→ Task description
A word-for-word copy of the data is what's wanted, with no pictures.

→ Dataset extract
'''

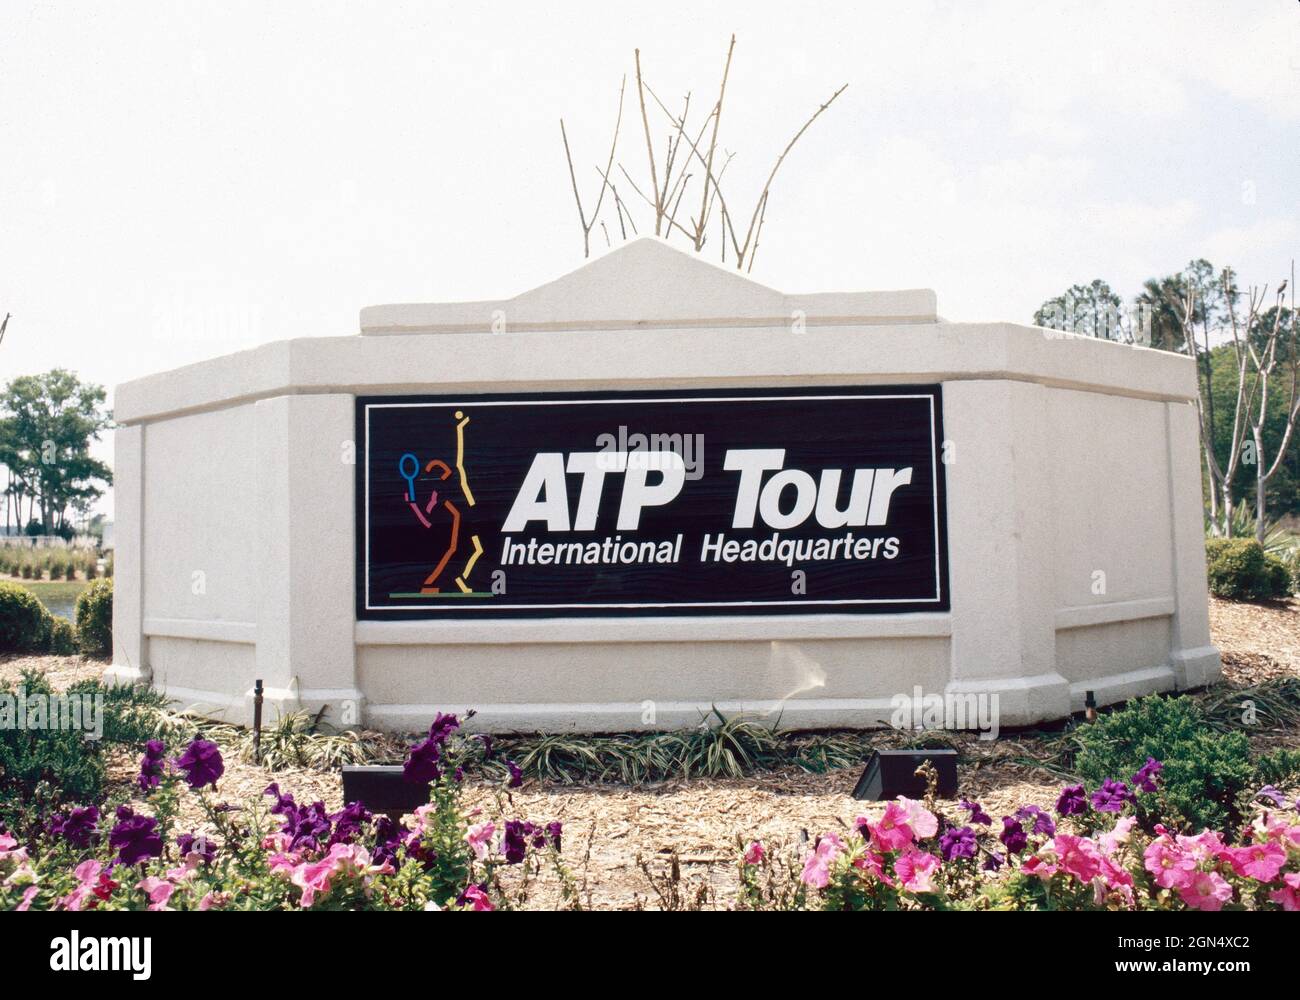 ATP tennis Tournement International Headquarters, années 80 Banque D'Images
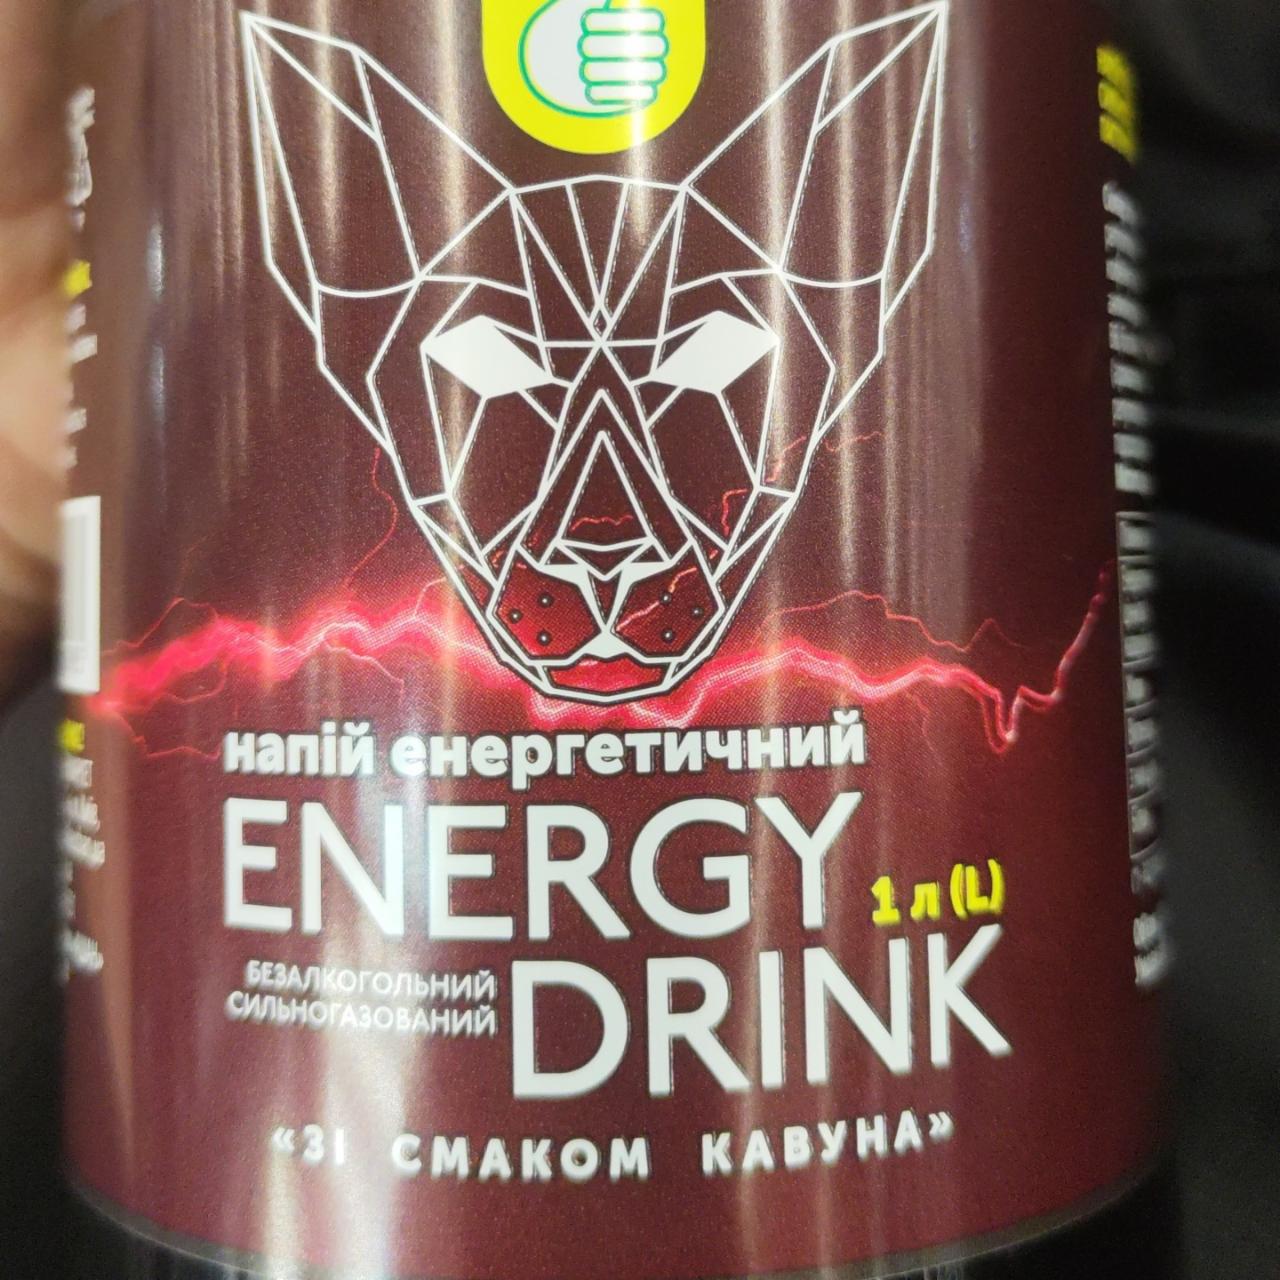 Фото - Напій енергетичний безалкогольний сильногазований зі смаком кавуна Energy Drink Auchan
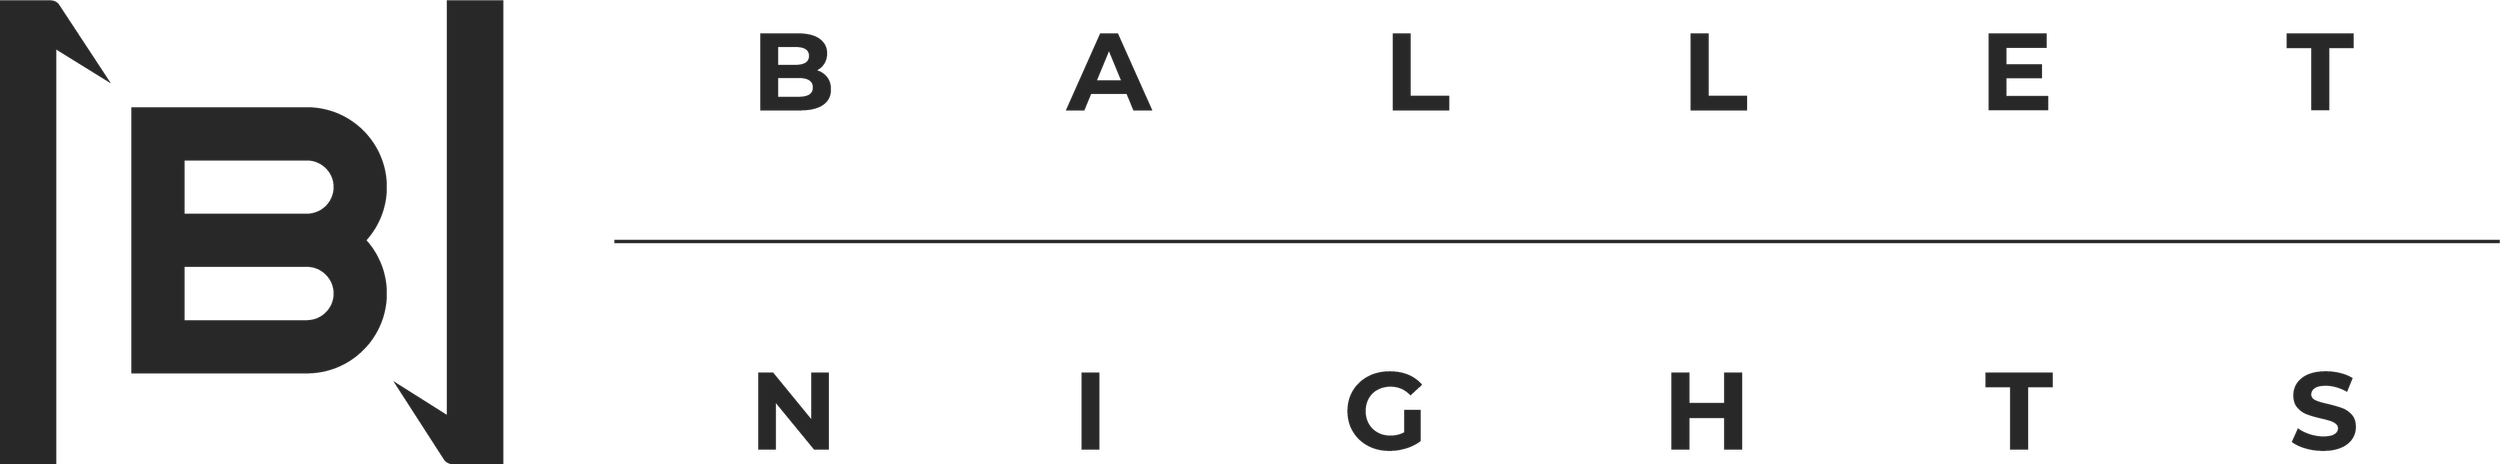 logo - rectangular dark black.png

'''

→ Result of this exercise
 ATP tennis Tournement International Headquarters, années 80 Banque D'Images
 Фото - Напій енергетичний безалкогольний сильногазований зі смаком кавуна Energy Drink Auchan
 logo - rectangular dark black.png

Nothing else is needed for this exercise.